§ Problem to solve: Each line, starting at the one with "Mobiltelefoni & Internet i USA" and running to the end of the data below, is to be set down again exactly, both ends included; leave pictures out.

§ Stored data:
== Segment start ==

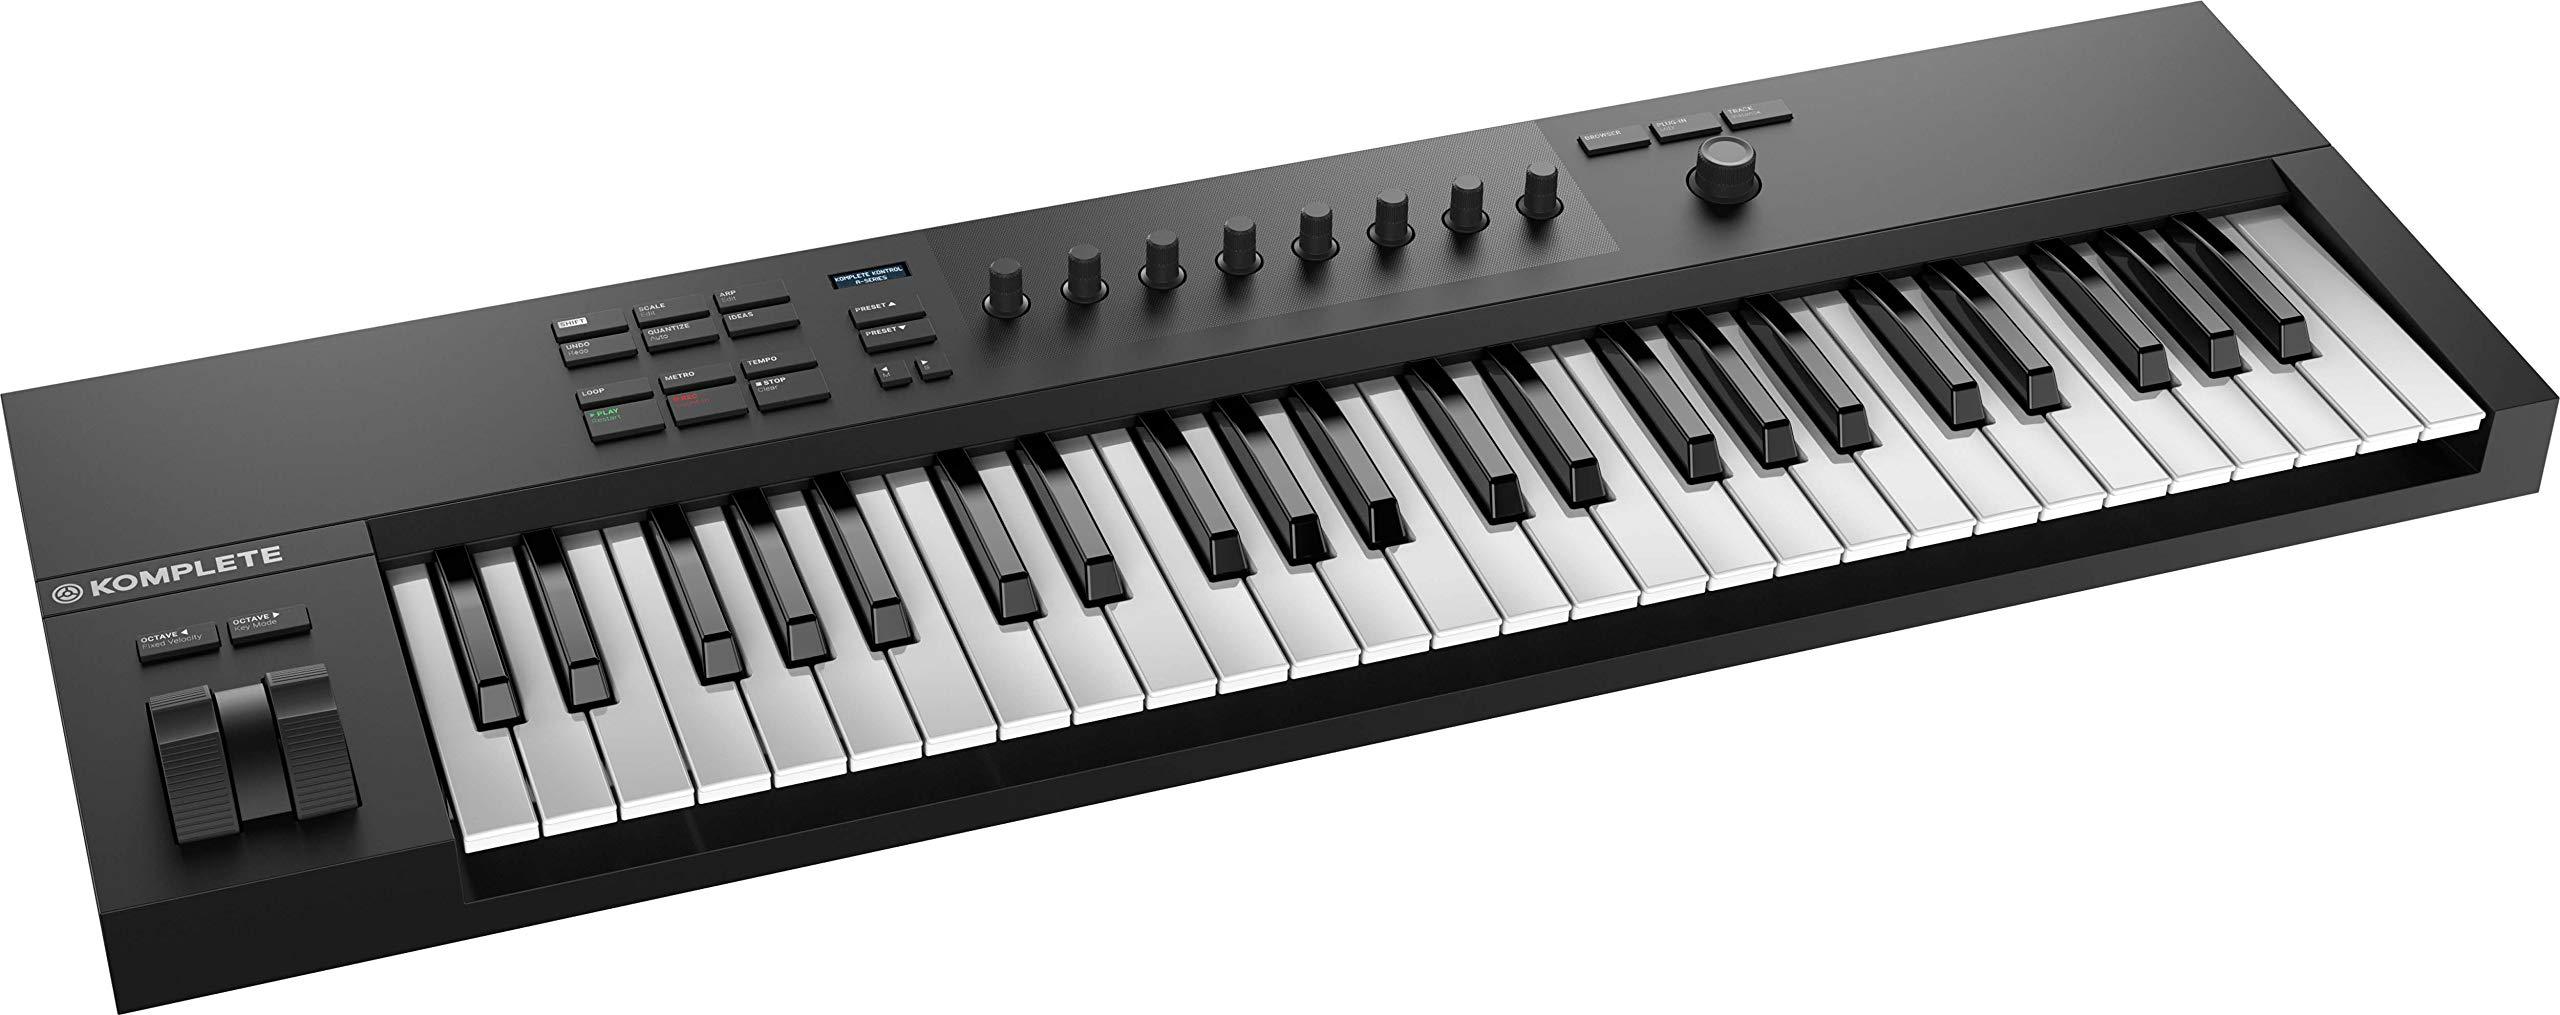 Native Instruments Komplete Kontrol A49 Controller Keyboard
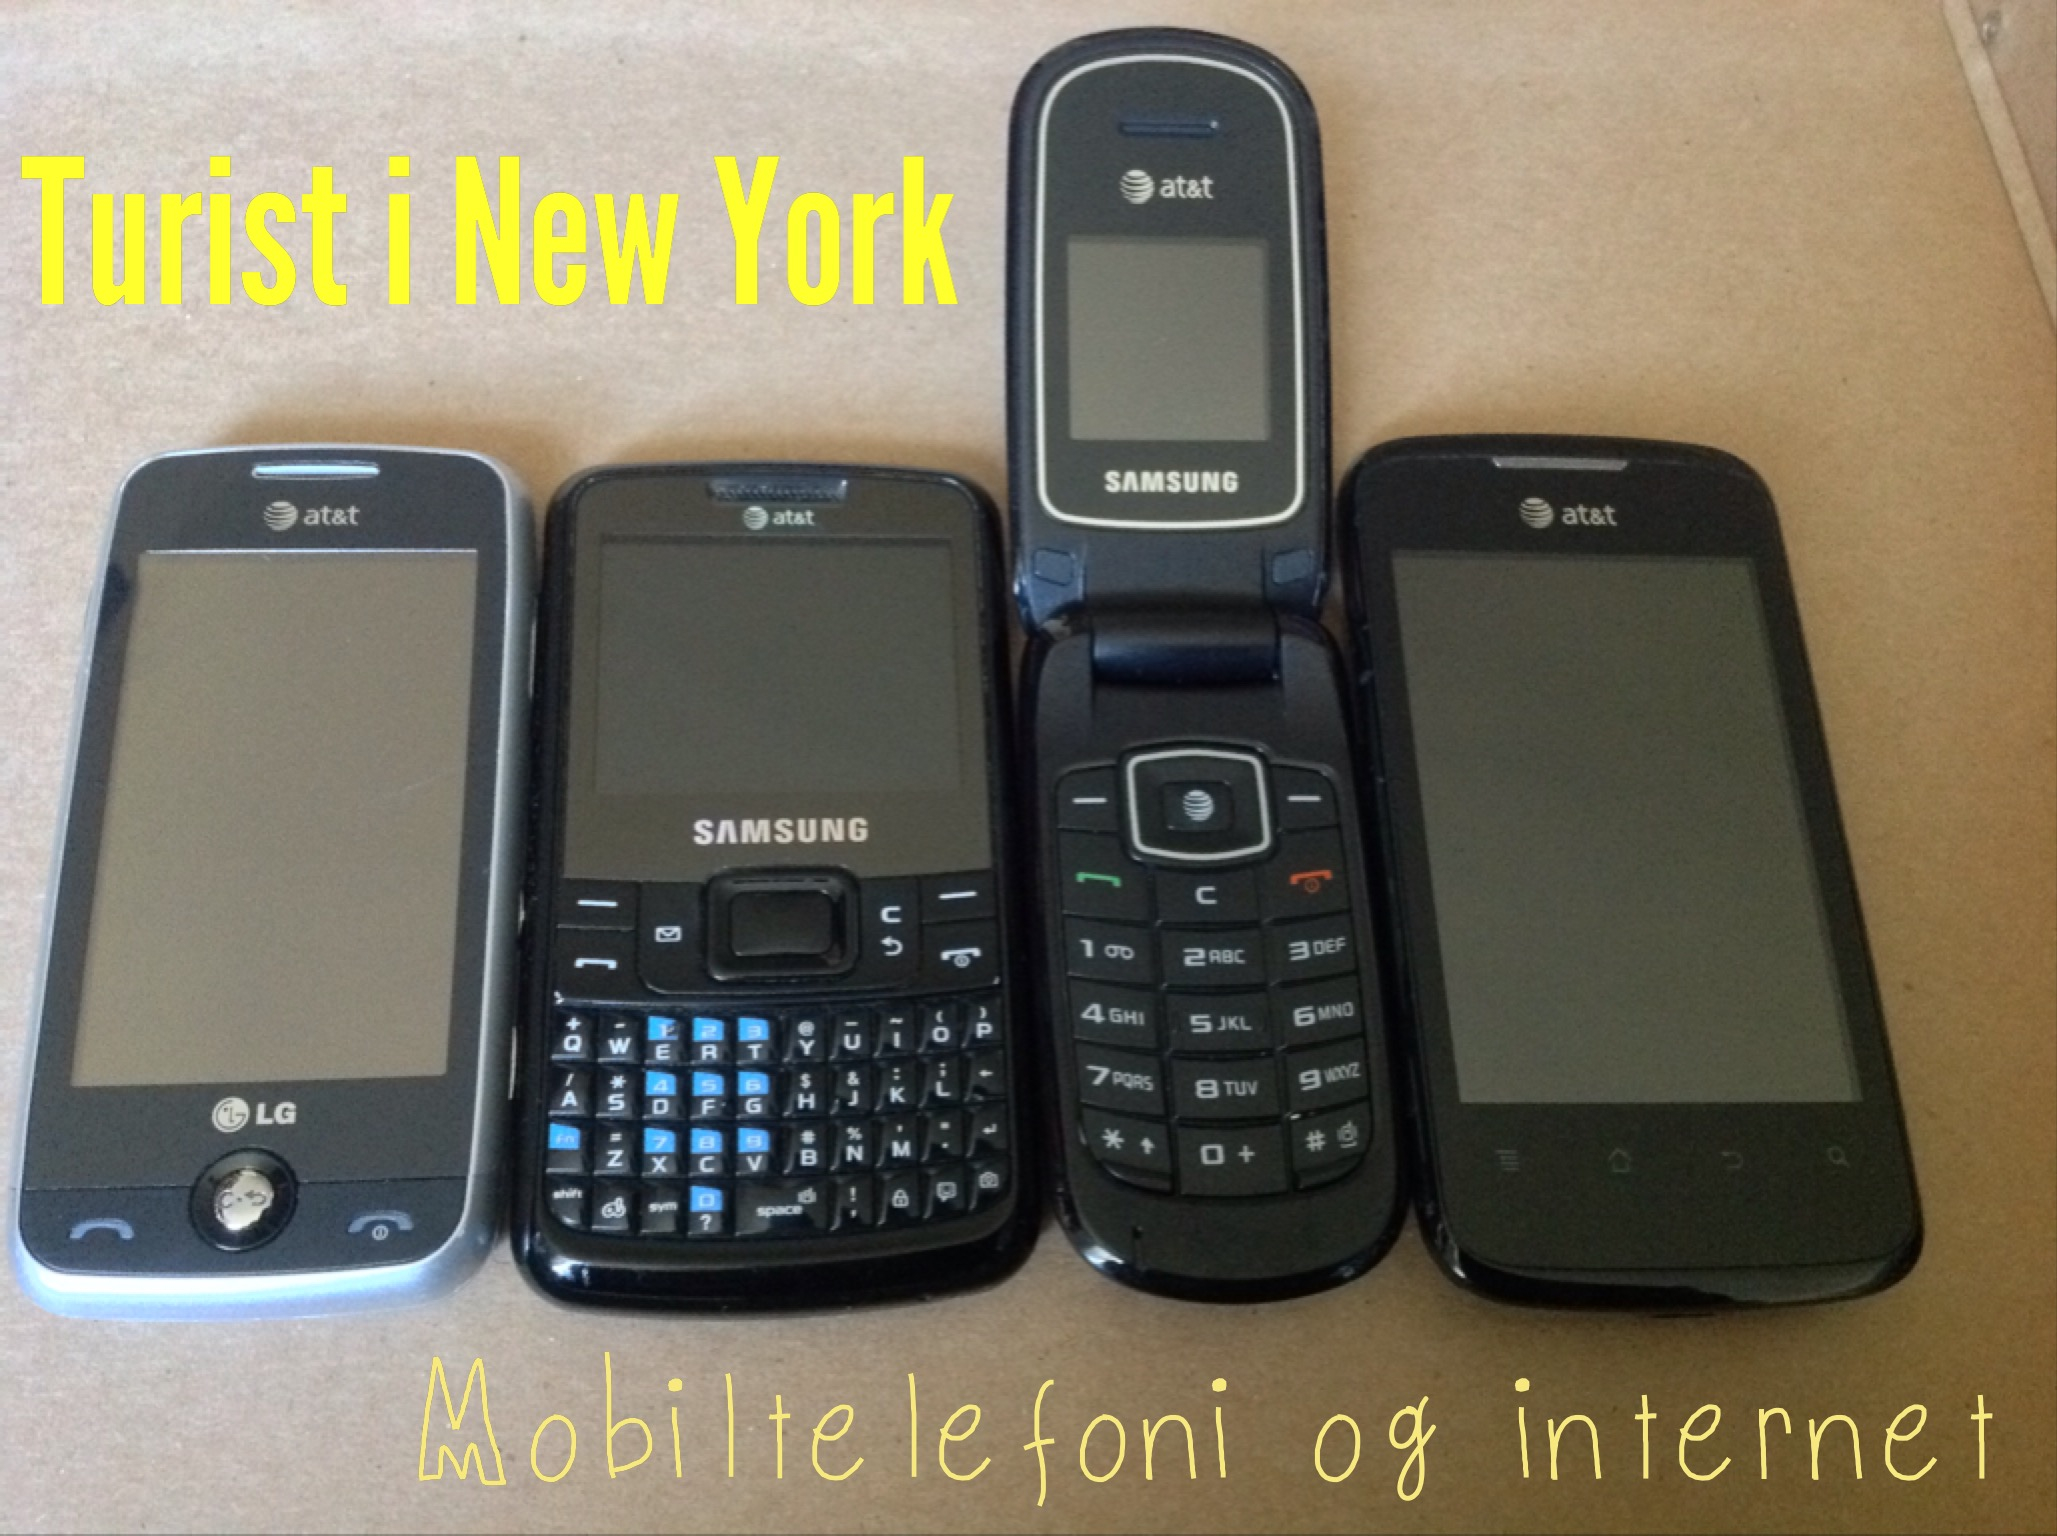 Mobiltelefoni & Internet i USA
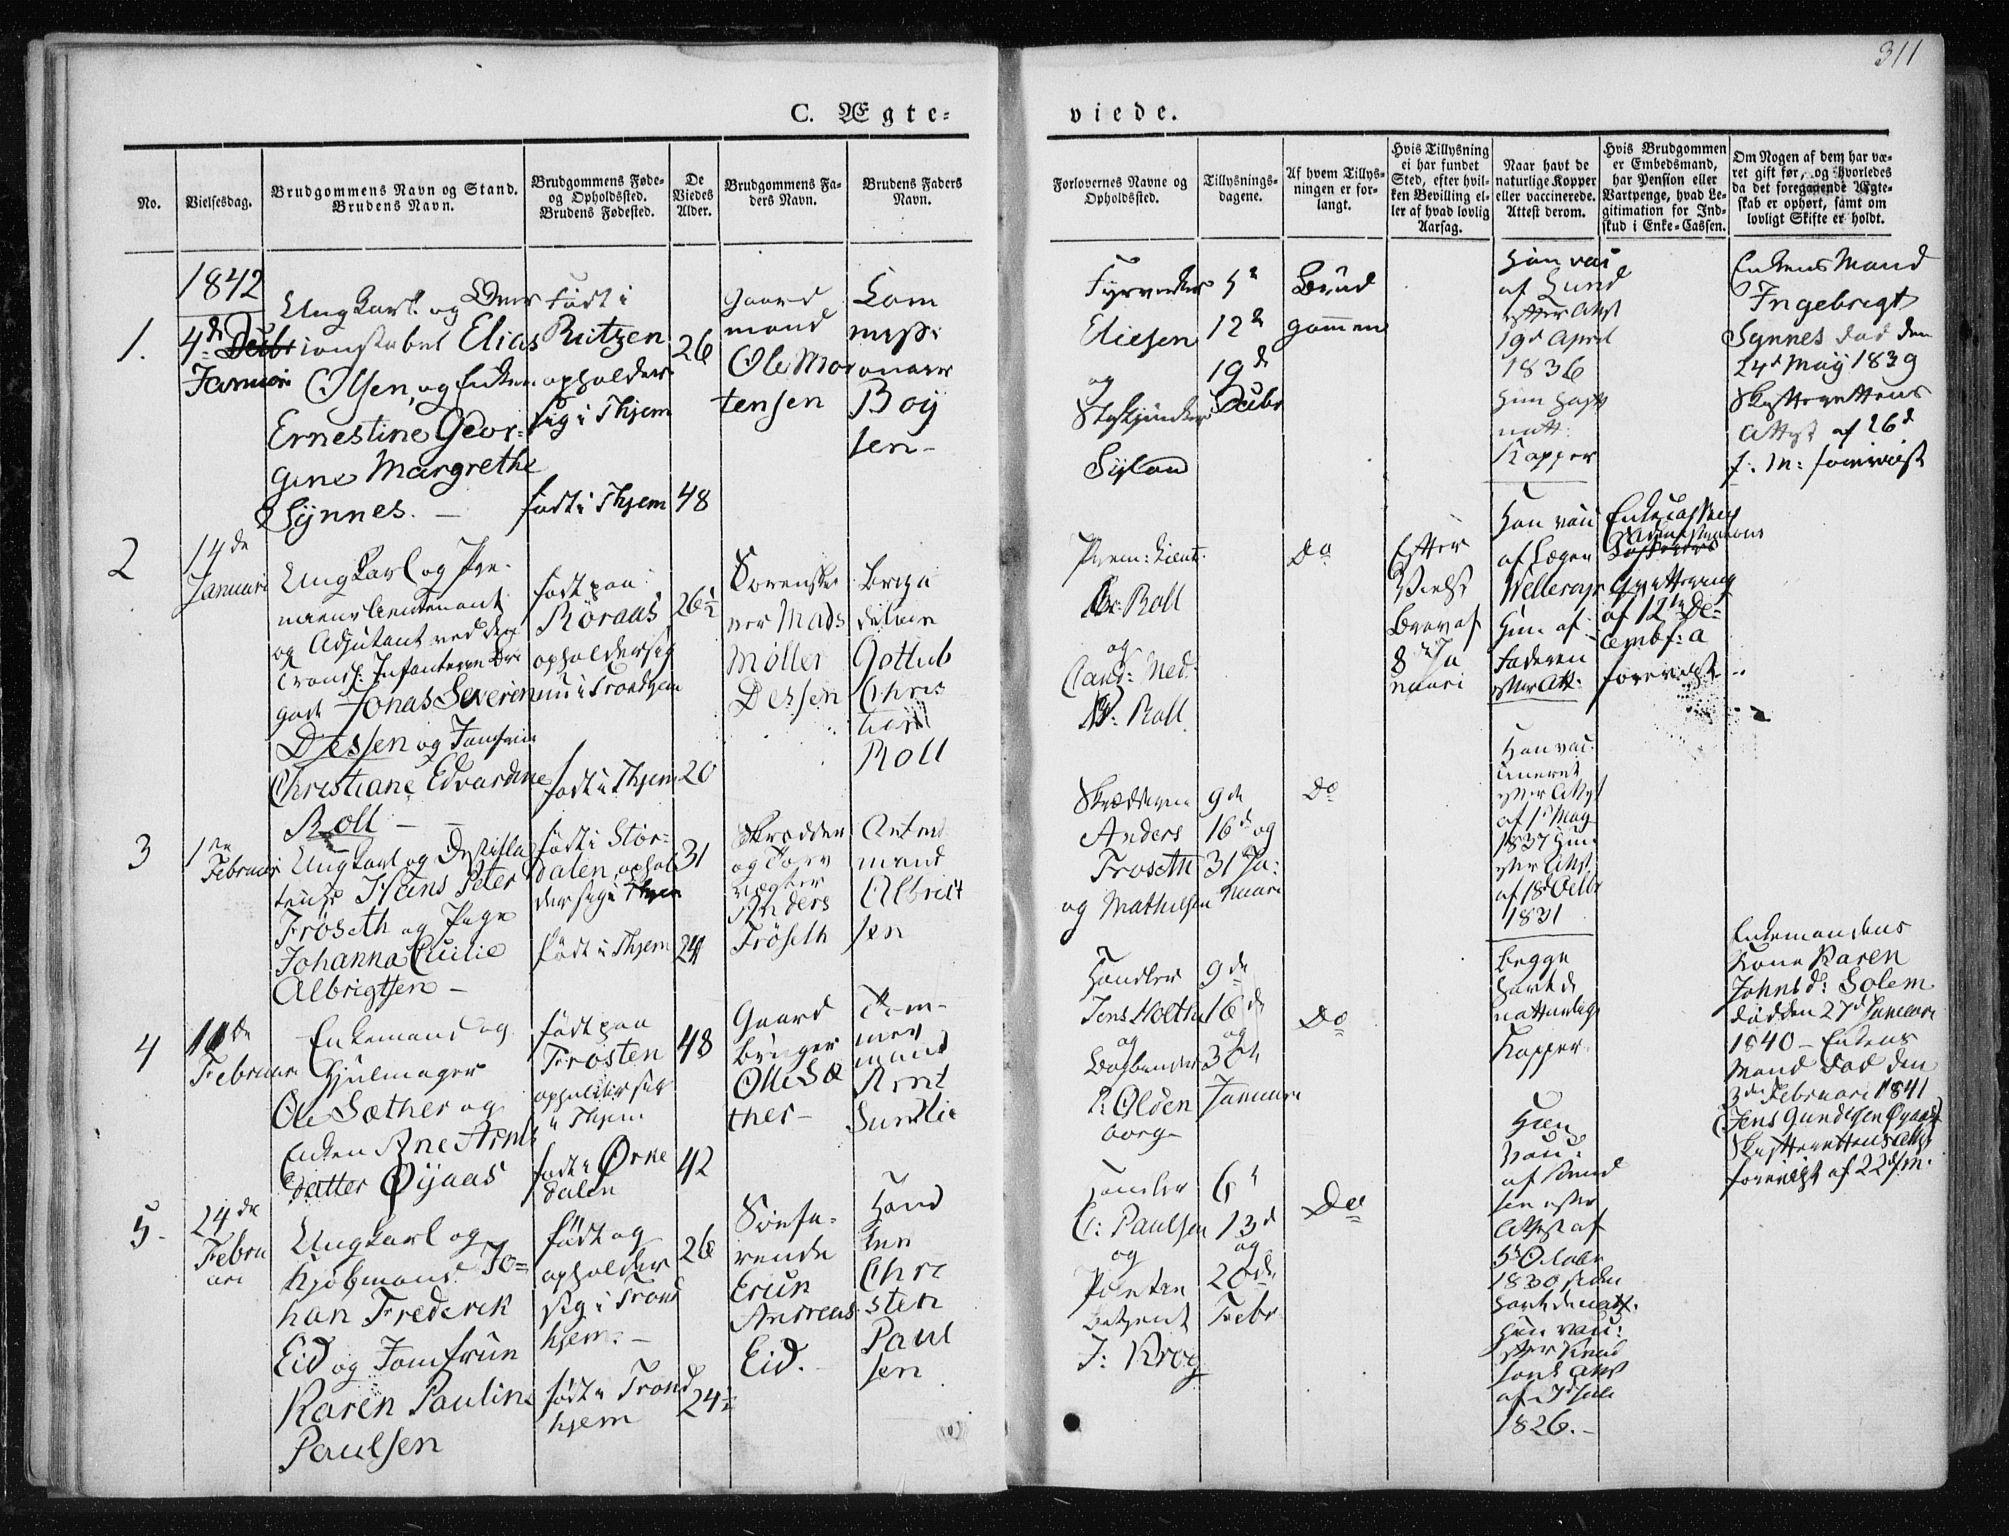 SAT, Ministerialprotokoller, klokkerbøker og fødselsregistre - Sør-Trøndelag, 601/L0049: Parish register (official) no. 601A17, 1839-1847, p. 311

== Segment end ==

§ Exercise solution:
 Mobiltelefoni & Internet i USA
 SAT, Ministerialprotokoller, klokkerbøker og fødselsregistre - Sør-Trøndelag, 601/L0049: Parish register (official) no. 601A17, 1839-1847, p. 311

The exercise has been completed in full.